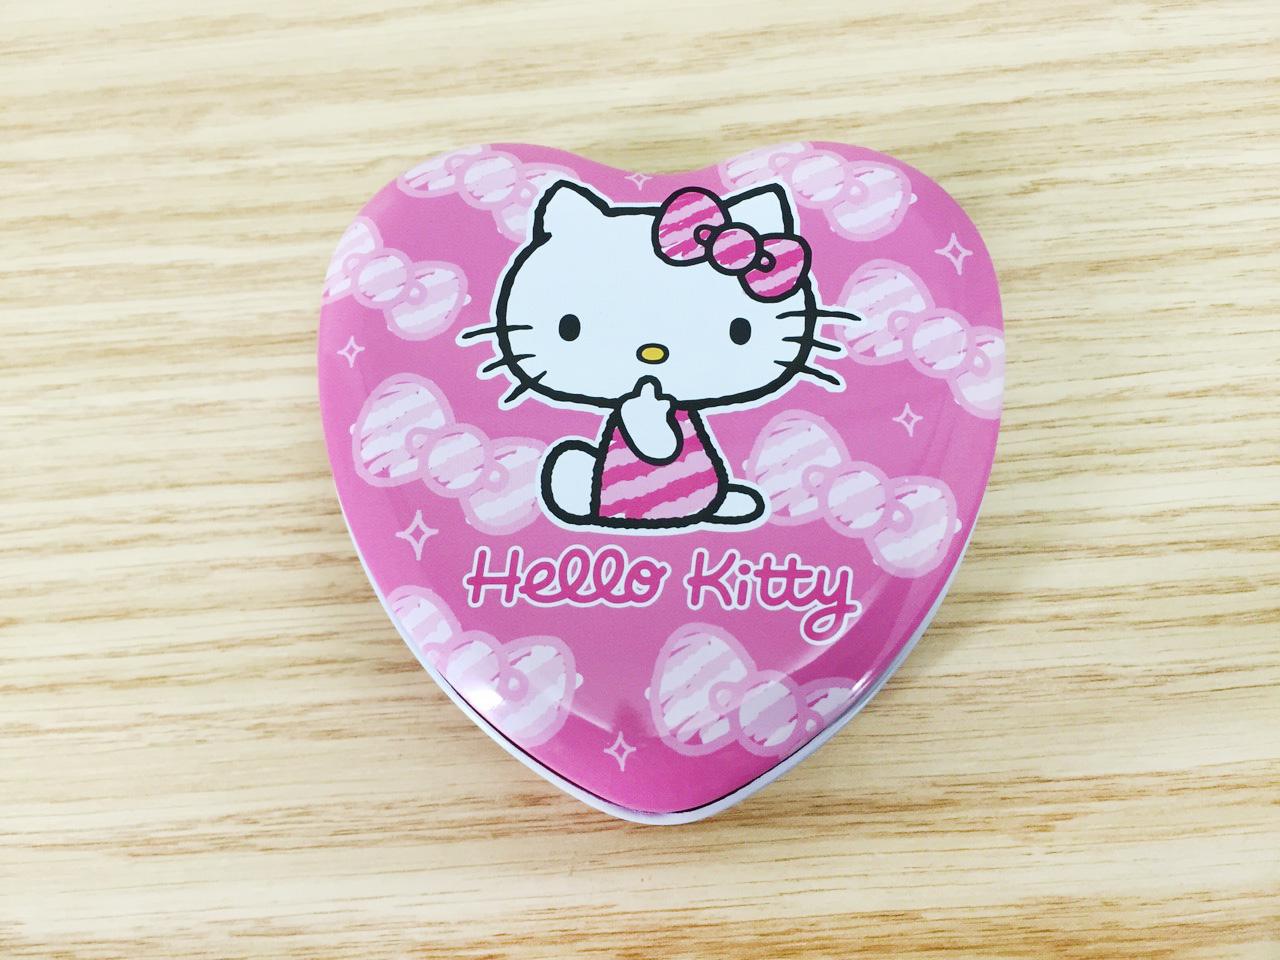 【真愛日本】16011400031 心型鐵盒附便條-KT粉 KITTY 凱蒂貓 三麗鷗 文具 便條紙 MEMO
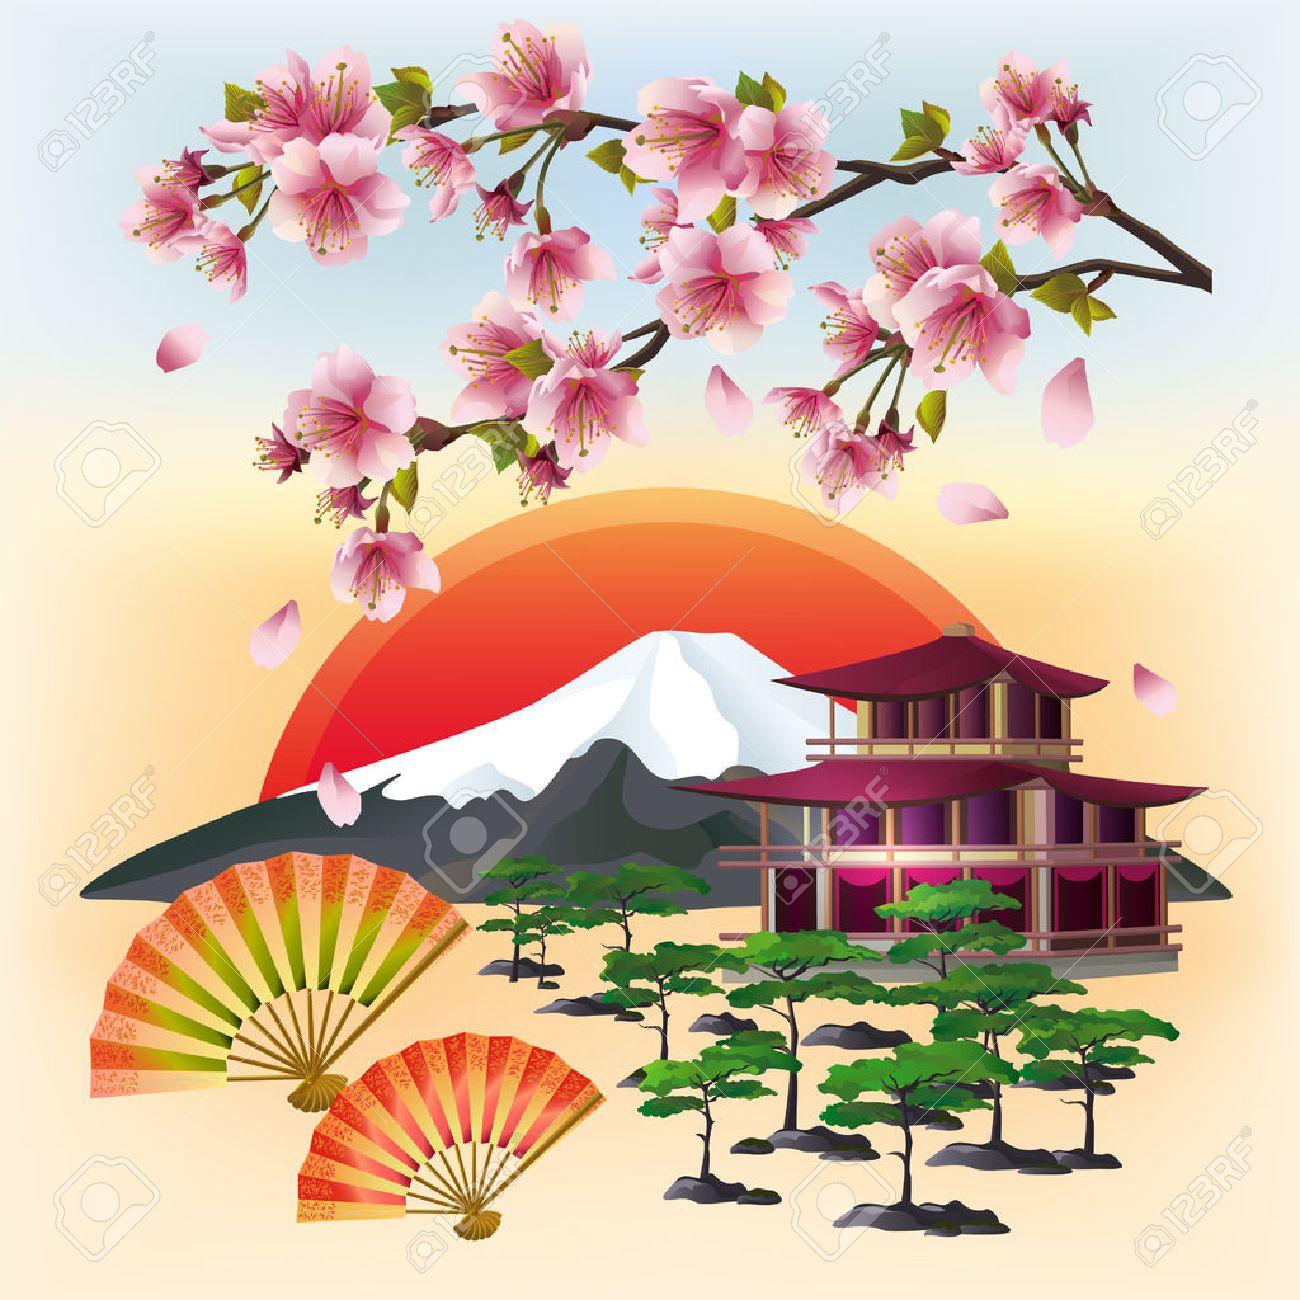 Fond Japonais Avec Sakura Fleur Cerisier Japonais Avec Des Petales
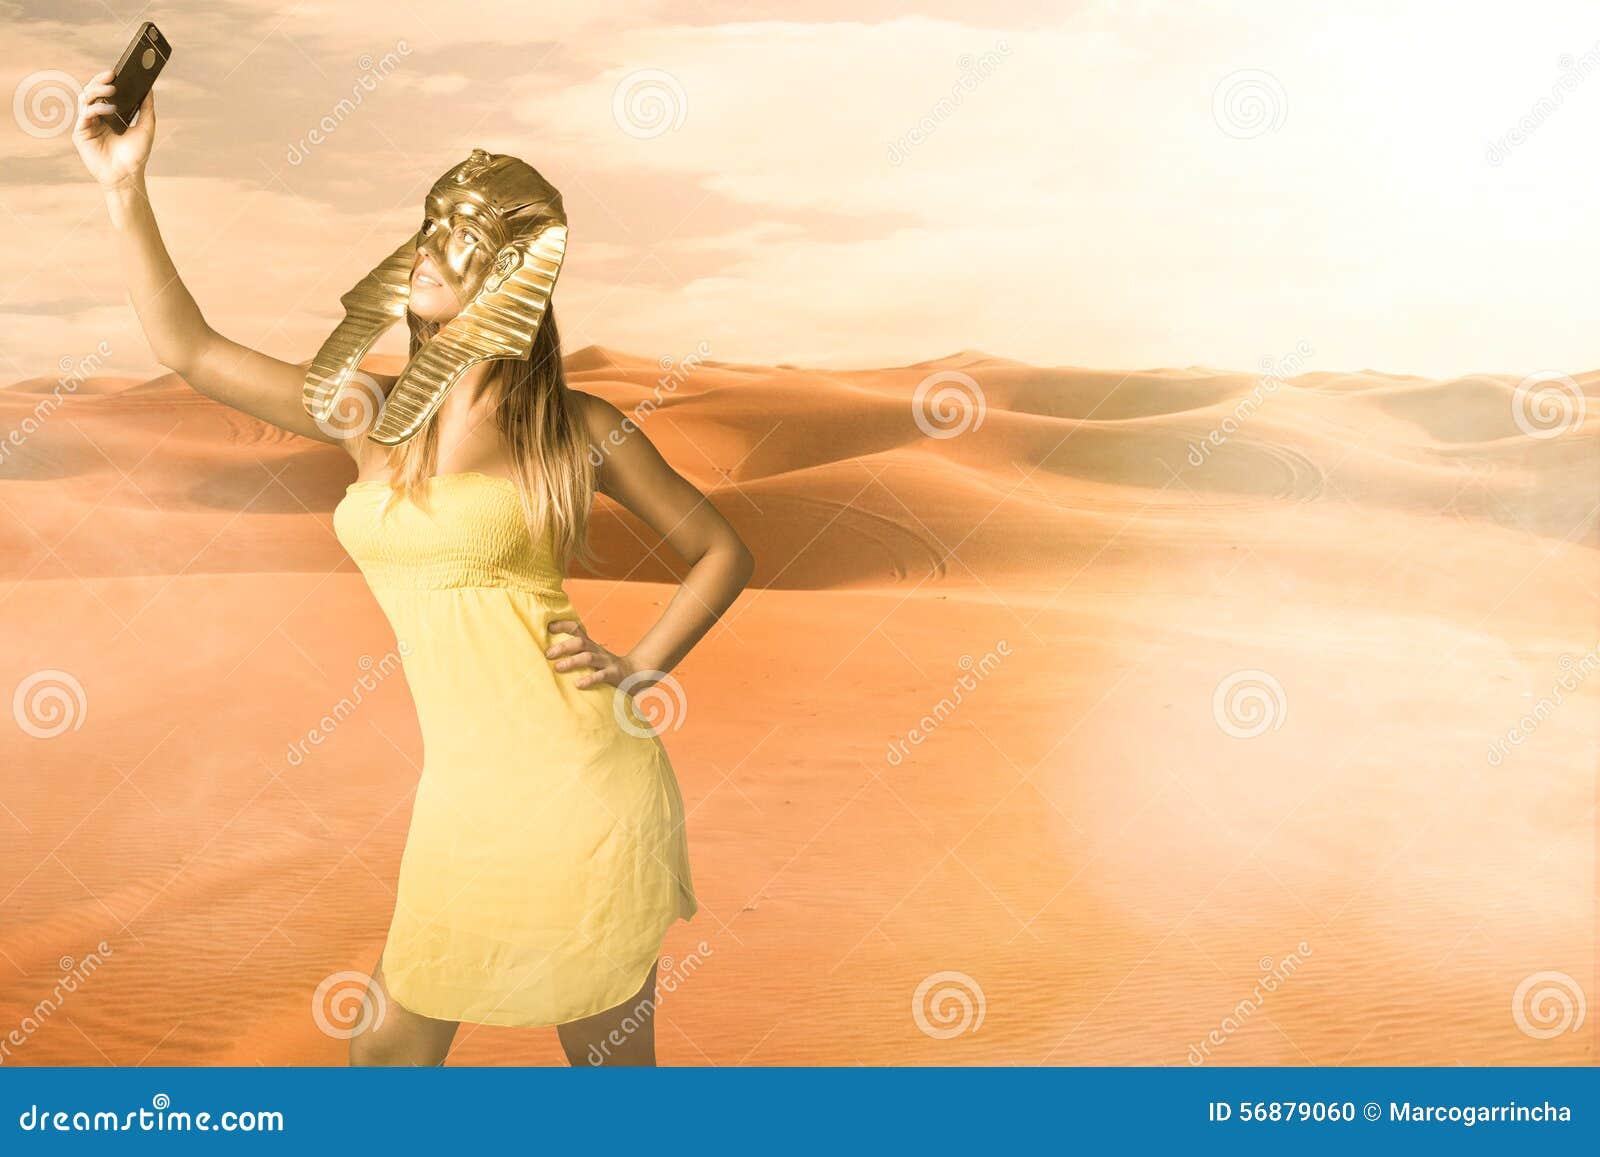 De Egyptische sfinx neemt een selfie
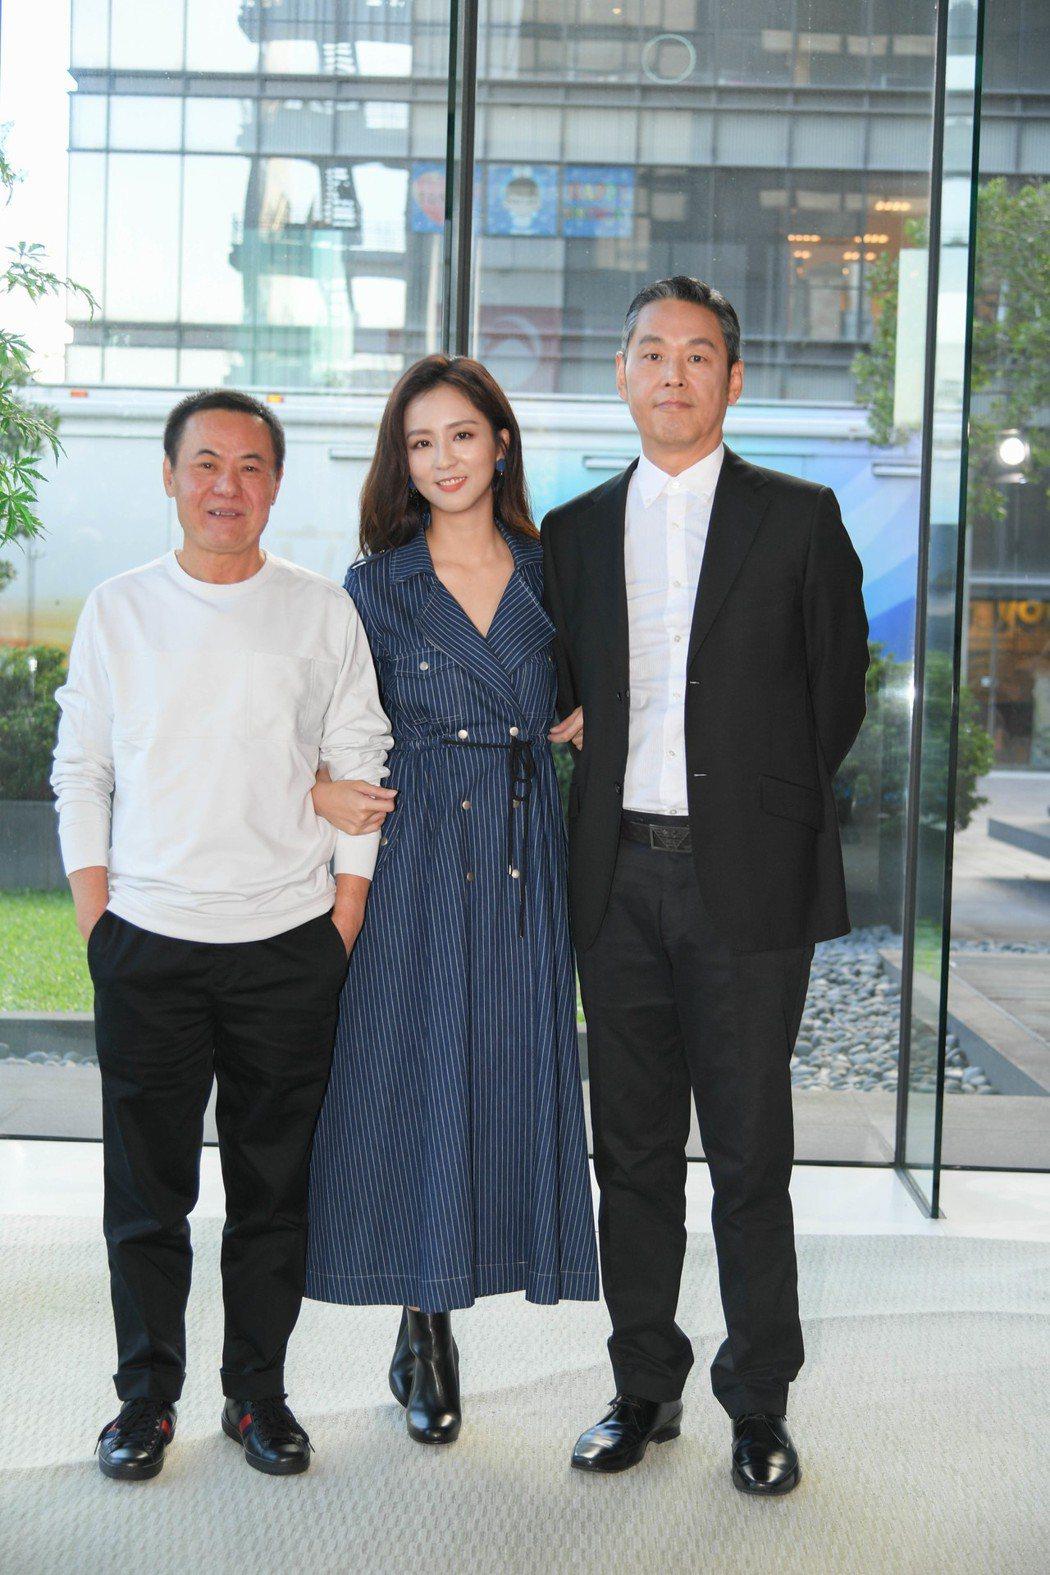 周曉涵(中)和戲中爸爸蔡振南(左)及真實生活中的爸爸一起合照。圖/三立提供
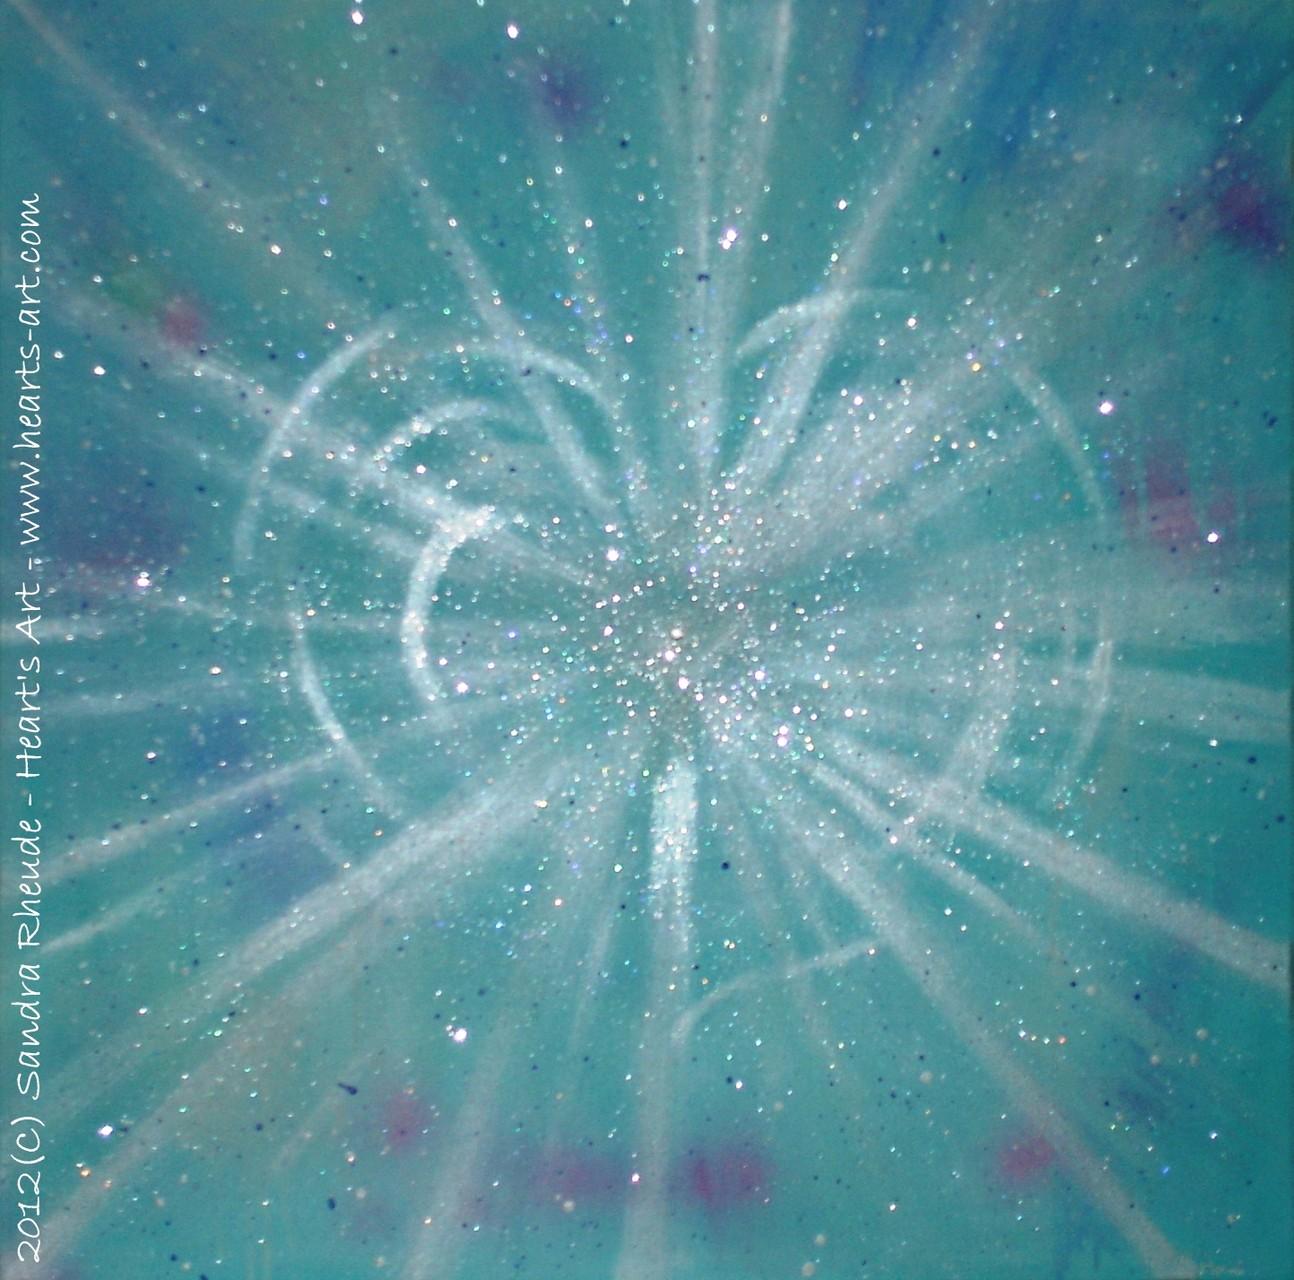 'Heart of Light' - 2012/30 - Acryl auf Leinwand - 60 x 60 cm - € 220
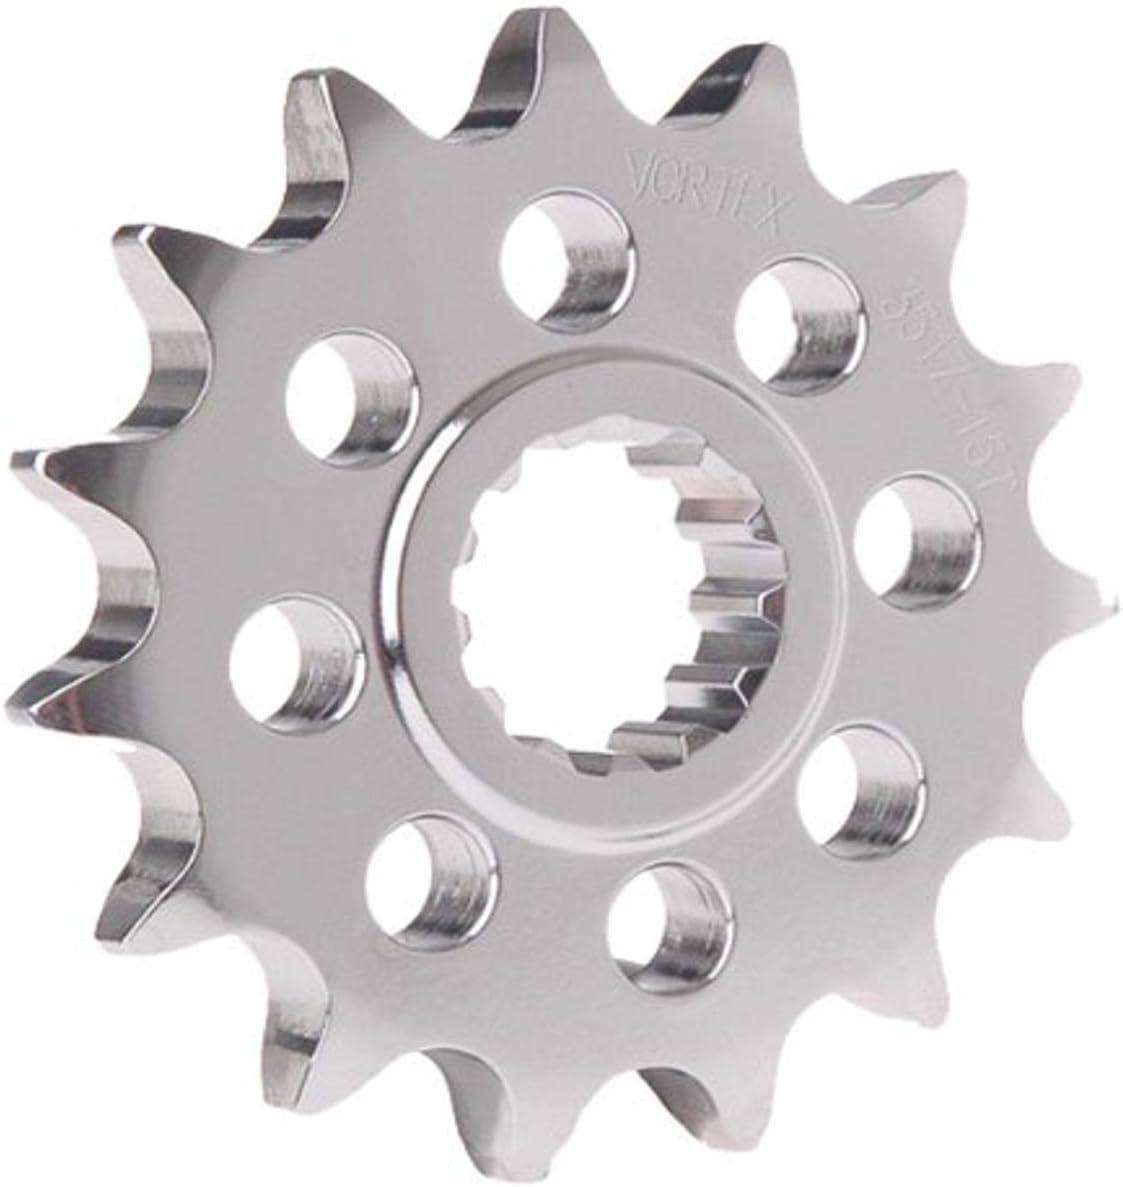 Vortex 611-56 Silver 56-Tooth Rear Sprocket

● ● ●

What to work on ::
Write out the material above again, word for word, minus its pictures.

Response to this exercise ::
 【真愛日本】16011400031 心型鐵盒附便條-KT粉 KITTY 凱蒂貓 三麗鷗 文具 便條紙 MEMO
 Fond Japonais Avec Sakura Fleur Cerisier Japonais Avec Des Petales
 De Egyptische sfinx neemt een selfie
 周曉涵(中)和戲中爸爸蔡振南(左)及真實生活中的爸爸一起合照。圖/三立提供
 'Heart of Light' - 2012/30 - Acryl auf Leinwand - 60 x 60 cm - € 220
 Vortex 611-56 Silver 56-Tooth Rear Sprocket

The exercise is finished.